Pogo-Sticking in SEO What It Is & What to Do About It

From an SEO perspective: not necessarily. Since there can be many reasons why searchers may jump between sites, Google almost certainly doesn’t treat pogo-sticking as a ranking factor. So don’t worry about it specifically. From a business perspective: It may be something to look into. Ranking factors or not, you probably want your readers to stick around longer than a few seconds and engage with what you offer. Not every website has to participate in design contests. If you want to provide the best experience for the reader, just keep things simple with minimum distraction. 

The intro is when a

User enters a site from a SERP (search engine results page) and quickly leaves it to go back to the SERP. Bounce rate is when a user enters a site from any source executive data and doesn’t perform any action on it (e.g., clicking a link, filling a form, or putting an item in a cart). So if someone opens this article, reads it entirely, and doesn’t do anything else before leaving—that counts as a bounce.

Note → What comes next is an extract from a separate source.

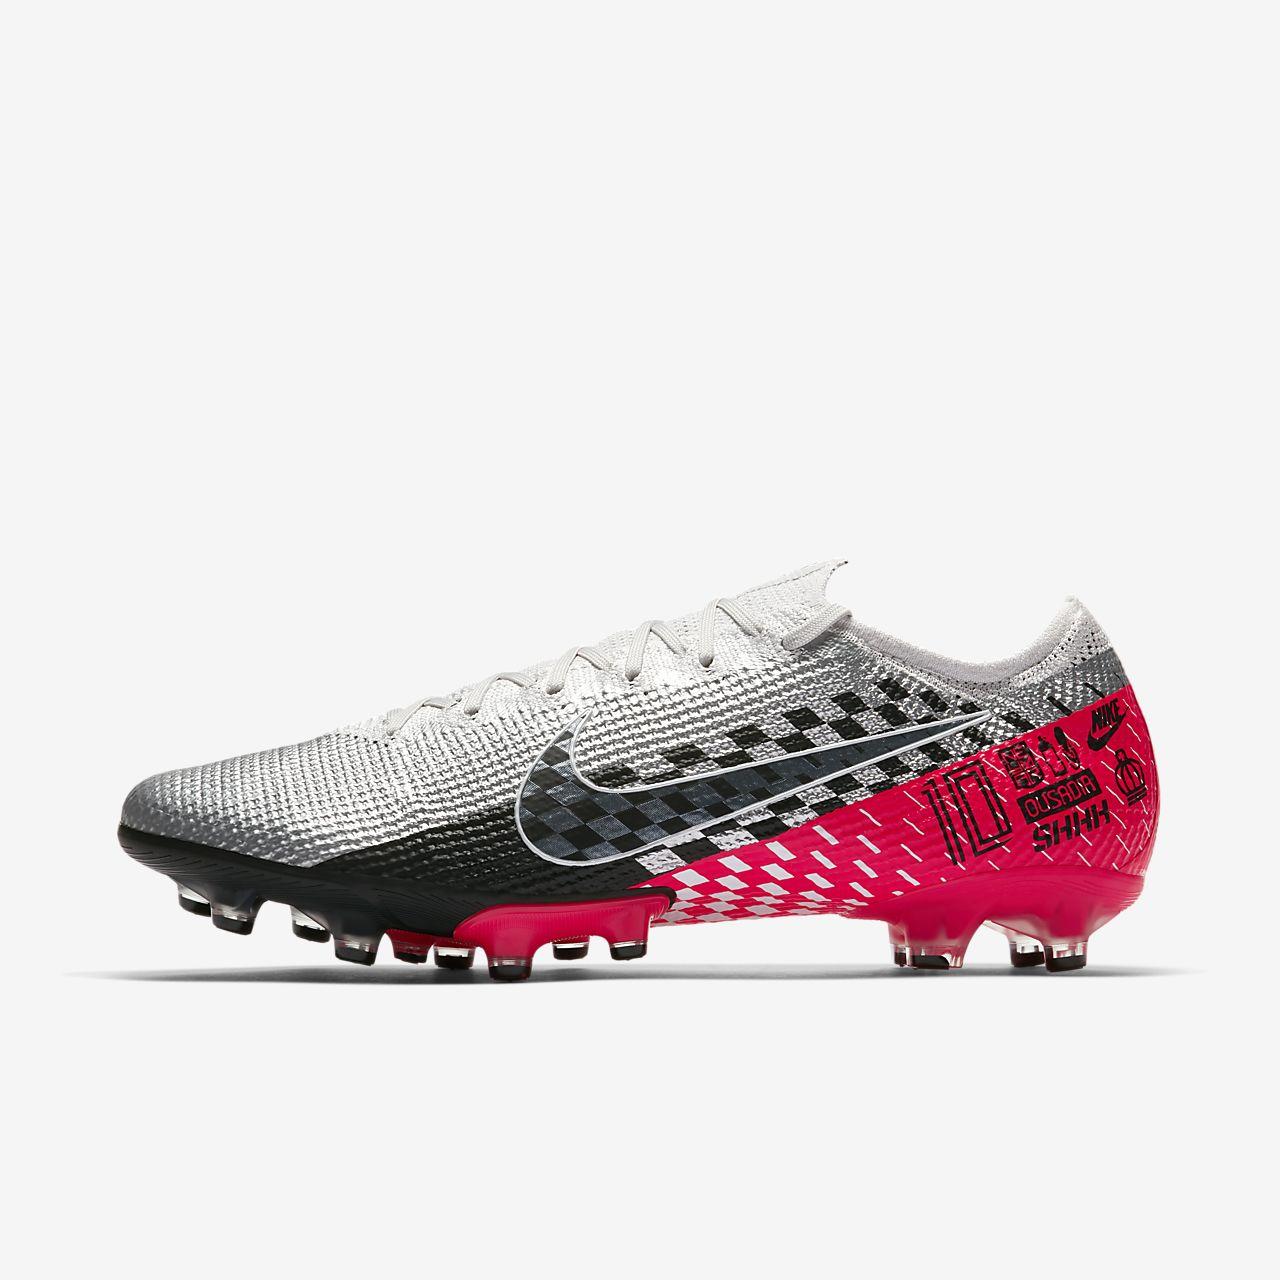 Scarpa da calcio per erba artificiale Nike Mercurial Vapor 13 Elite Neymar Jr. AG-PRO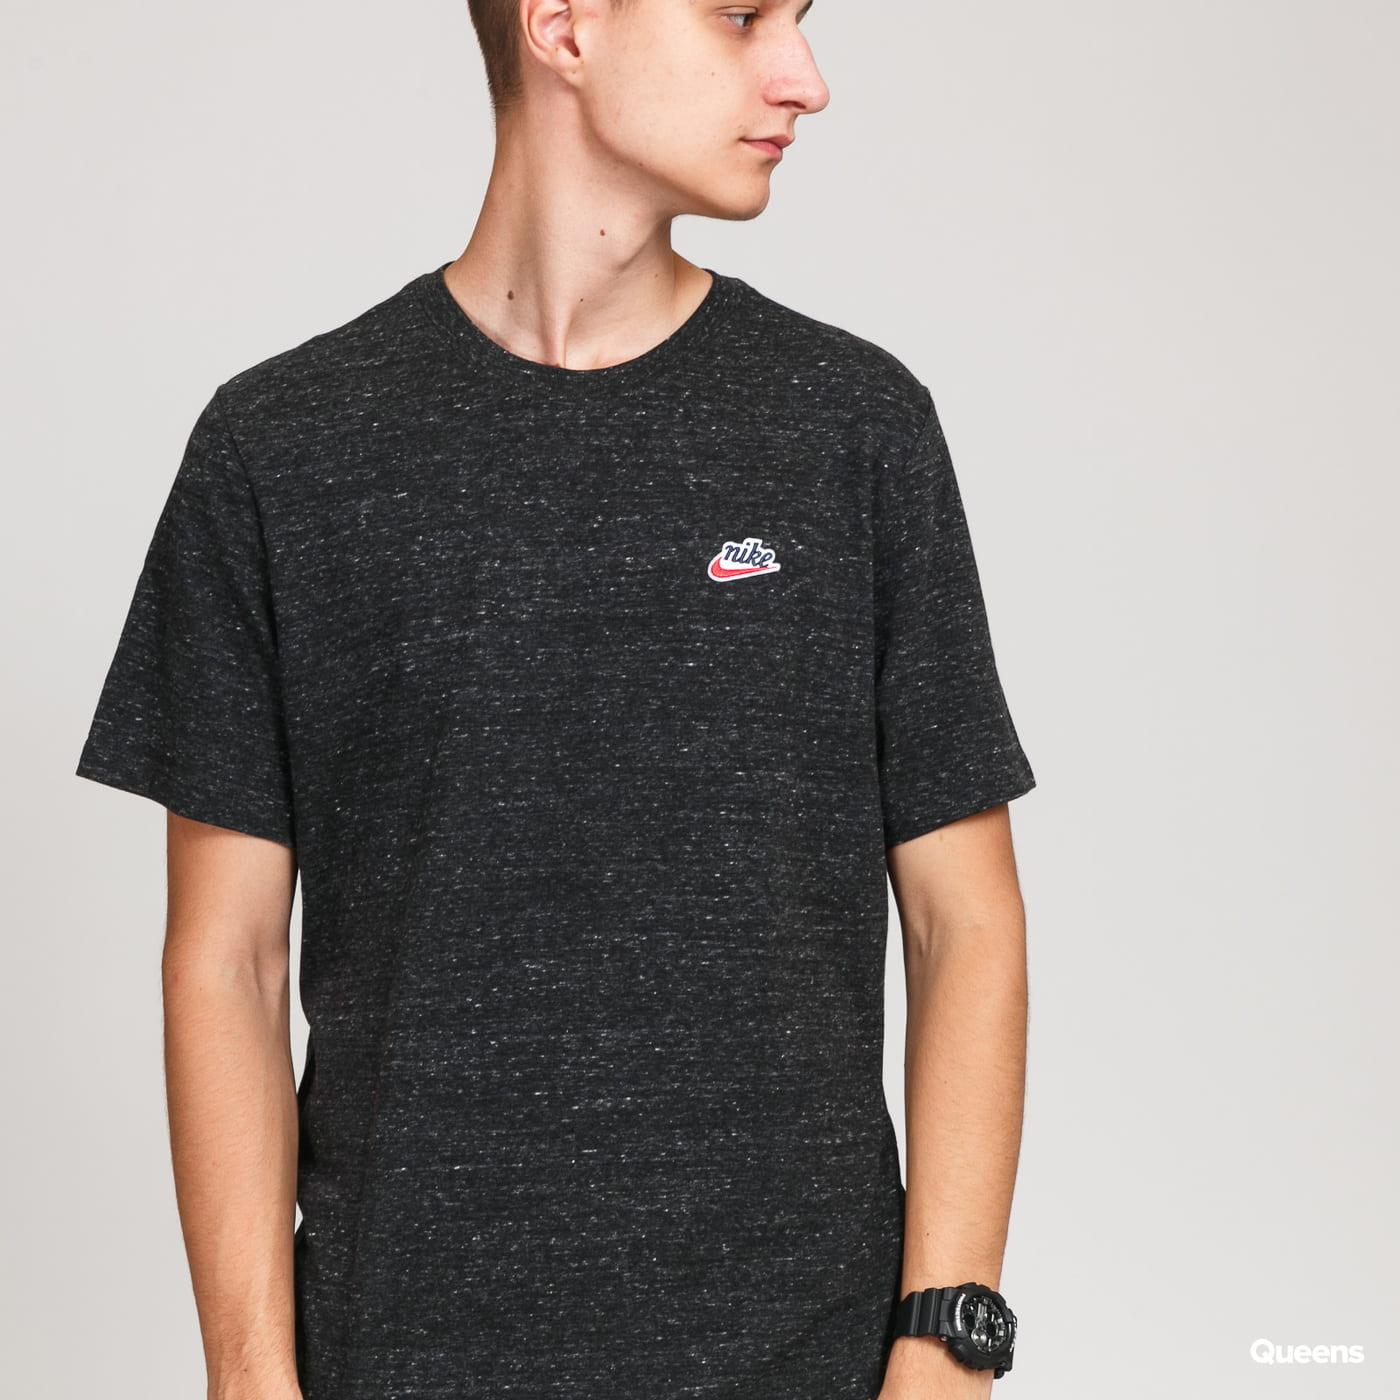 Nike M NSW Heritage + LBR SS melange black

In other words, the searcher can’t find what they are looking for even though the information may actually be there. The problem is the information is buried under tons of text, obscured by confusing language, or unavailable to some users. Here’s an example. This screenshot comes from a webpage that was one of the top results for “turbocharger failure symptoms.

Got a wall of text

Of probably valid information. But there’s no mention of the symptoms. Well, the symptoms we want to see are actually there but way lower on the page. Before you TW Lists can get to the symptoms, you are expected to read about how a turbo works and a list of causes of a turbo breakdown. Since there is no immediate Pogo-Sticking solution to the query, the searcher simply goes back to the SERP to try some other page.

A similar thing happens when the content is only available to signed-up users or put behind an “email wall.” The website may be good and offer the information the searcher needs. But since it’s not immediately available, the searcher returns to the SERP. Just by reading the descriptions under the blue links, you can see the searcher gets different answers.